Speaker: Richard Guo, Stas Lab, University of Cambridge
Abstract: Many modern statistical procedures are randomized in the sense that the output is a random function of data. For example, many procedures employ data splitting, which randomly divides the dataset into disjoint parts for separate purposes. Despite their flexibility and popularity, data splitting and other constructions of randomized procedures have obvious drawbacks. First, two analyses of the same dataset may lead to different results due to the extra randomness introduced. Second, randomized procedures typically lose statistical power because the entire sample is not fully utilized.
To address these drawbacks, in this talk, I will study how to properly combine the results from multiple realizations (such as through multiple data splits) of a randomized procedure. I will introduce rank-transformed subsampling as a general method for delivering large sample inference of the combined result under minimal assumptions. I will illustrate the method with three applications: (1) a “hunt-and-test” procedure for detecting cancer subtypes using high-dimensional gene expression data, (2) testing the hypothesis of no direct effect in a sequentially randomized trial and (3) calibrating cross-fit “double machine learning” confidence intervals. For these problems, our method is able to derandomize and improve power. Moreover, in contrast to existing approaches for combining p-values, our method enjoys type-I error control that asymptotically approaches the nominal level. This new development opens up the possibility of designing procedures that explicitly randomize and derandomize: extra randomness is introduced to make the problem easier before being marginalized out.

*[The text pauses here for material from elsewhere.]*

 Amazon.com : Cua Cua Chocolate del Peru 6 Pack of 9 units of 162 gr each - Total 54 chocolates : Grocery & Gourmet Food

This talk is based on joint work with Rajen Shah.
Speaker bio: Richard Guo is a research associate in the Statistical Laboratory at the University of Cambridge, mentored by Prof. Rajen Shah. Previously, he was the Richard M. Karp Research Fellow in the 2022 causality program at the Simons Institute for the Theory of Computing. He received his PhD in Statistics from University of Washington in 2021, advised by Thomas Richardson. His research interests include graphical models, causal inference, semiparametric methods and replicability of data analysis. Dr. Guo will start as an assistant professor in Biostatistics at University of Washington in January 2024.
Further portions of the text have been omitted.